* Raw data *

※

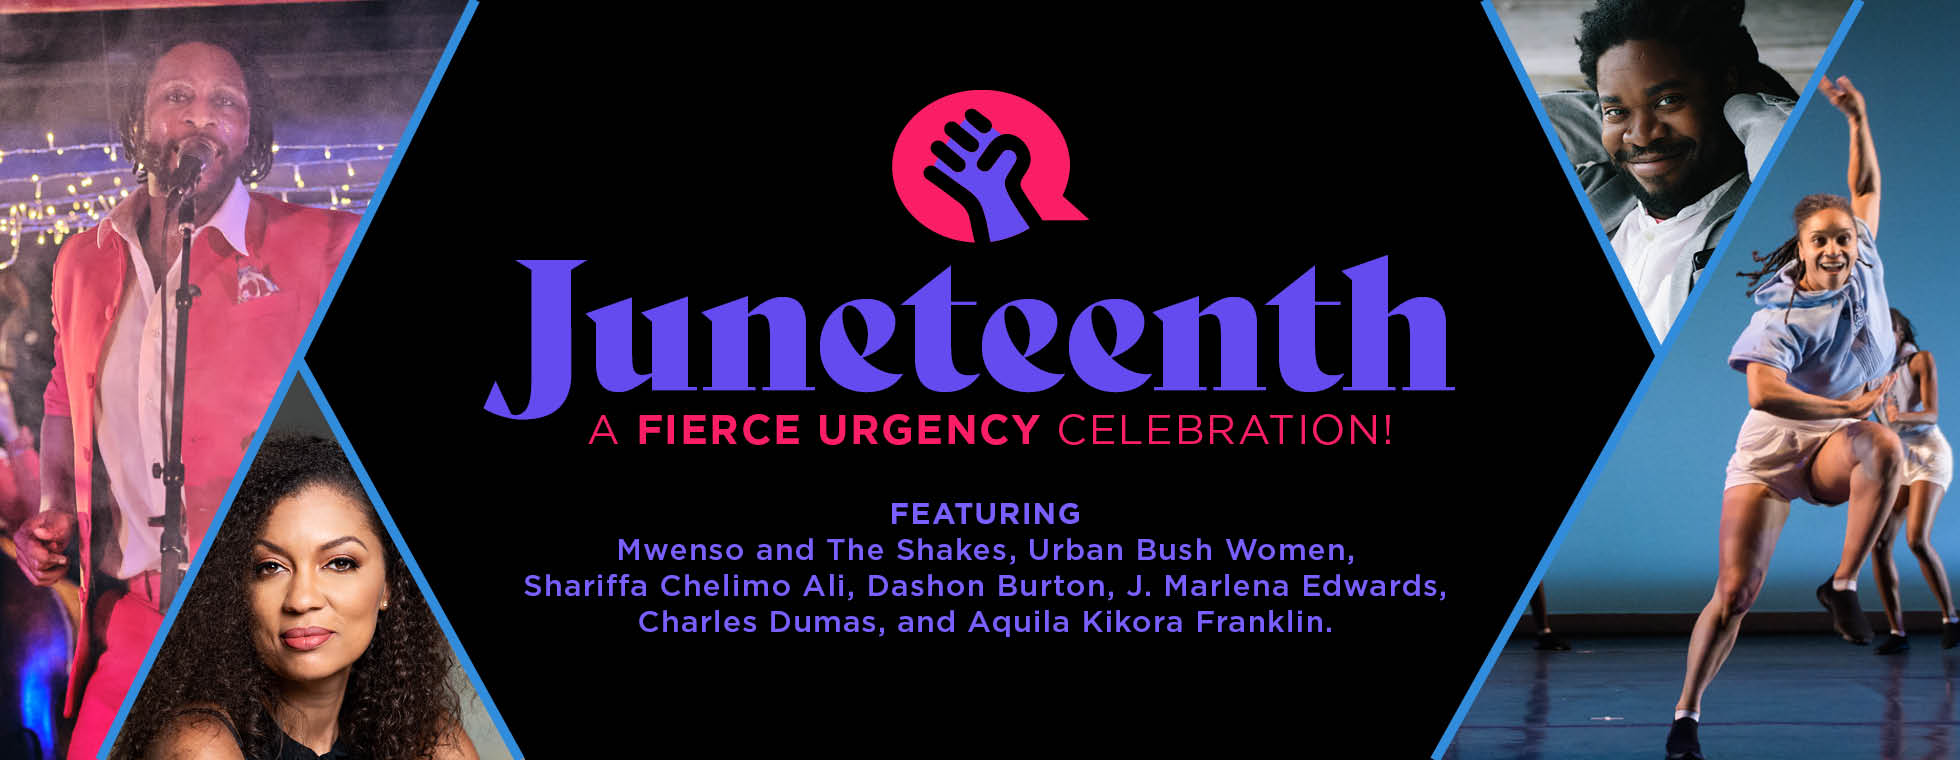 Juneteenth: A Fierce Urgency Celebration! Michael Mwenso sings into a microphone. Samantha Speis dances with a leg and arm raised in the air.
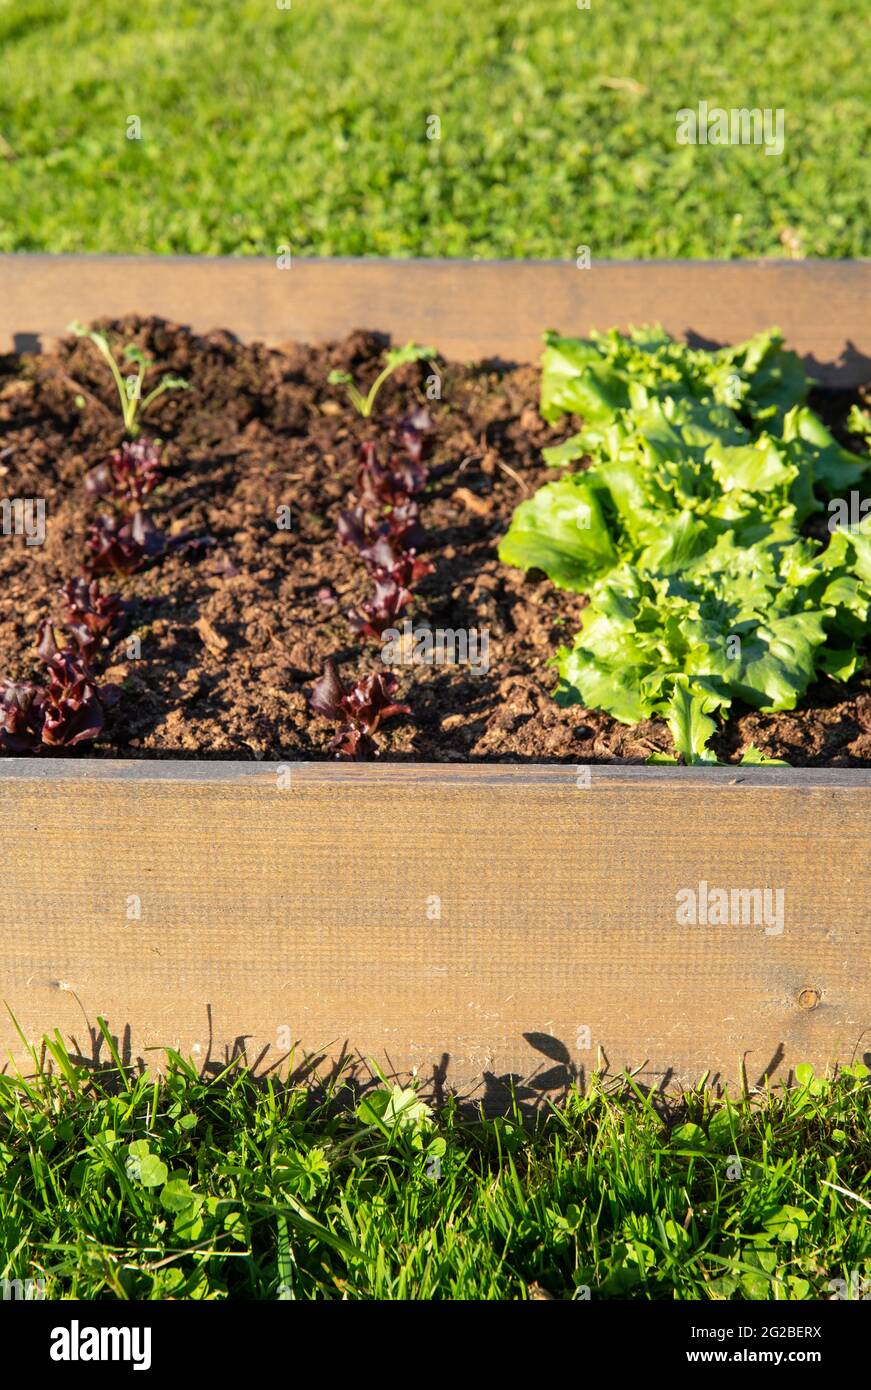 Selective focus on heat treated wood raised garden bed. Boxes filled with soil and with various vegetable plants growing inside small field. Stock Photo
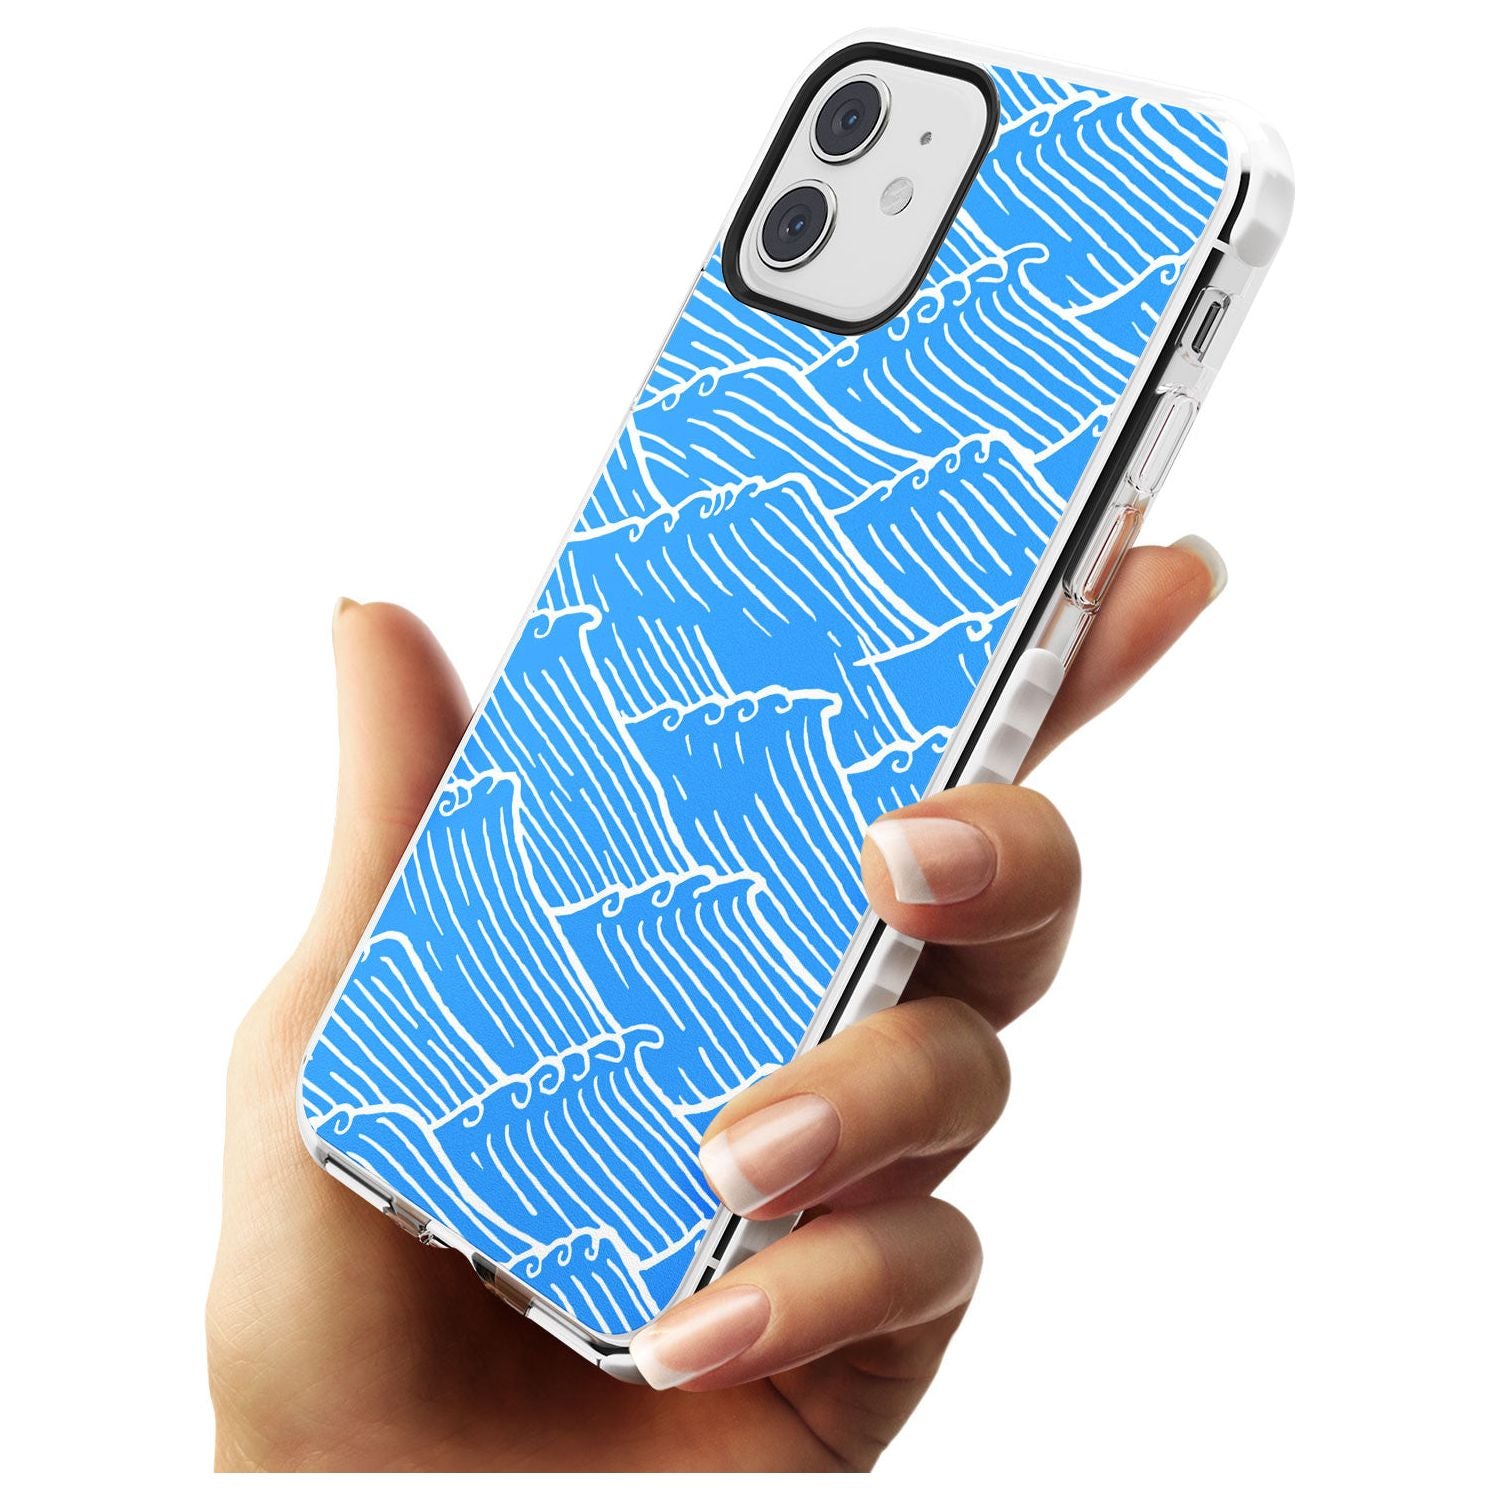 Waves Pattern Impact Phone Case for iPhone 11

※

* What this task involves *
Nothing but the lines from the line containing "Selective focus on" through the end of the data, both ends included, is to be reproduced, exactly as written and without the pictures.

* Output for this task *
 Selective focus on heat treated wood raised garden bed. Boxes filled with soil and with various vegetable plants growing inside small field. Stock Photo
 Waves Pattern Impact Phone Case for iPhone 11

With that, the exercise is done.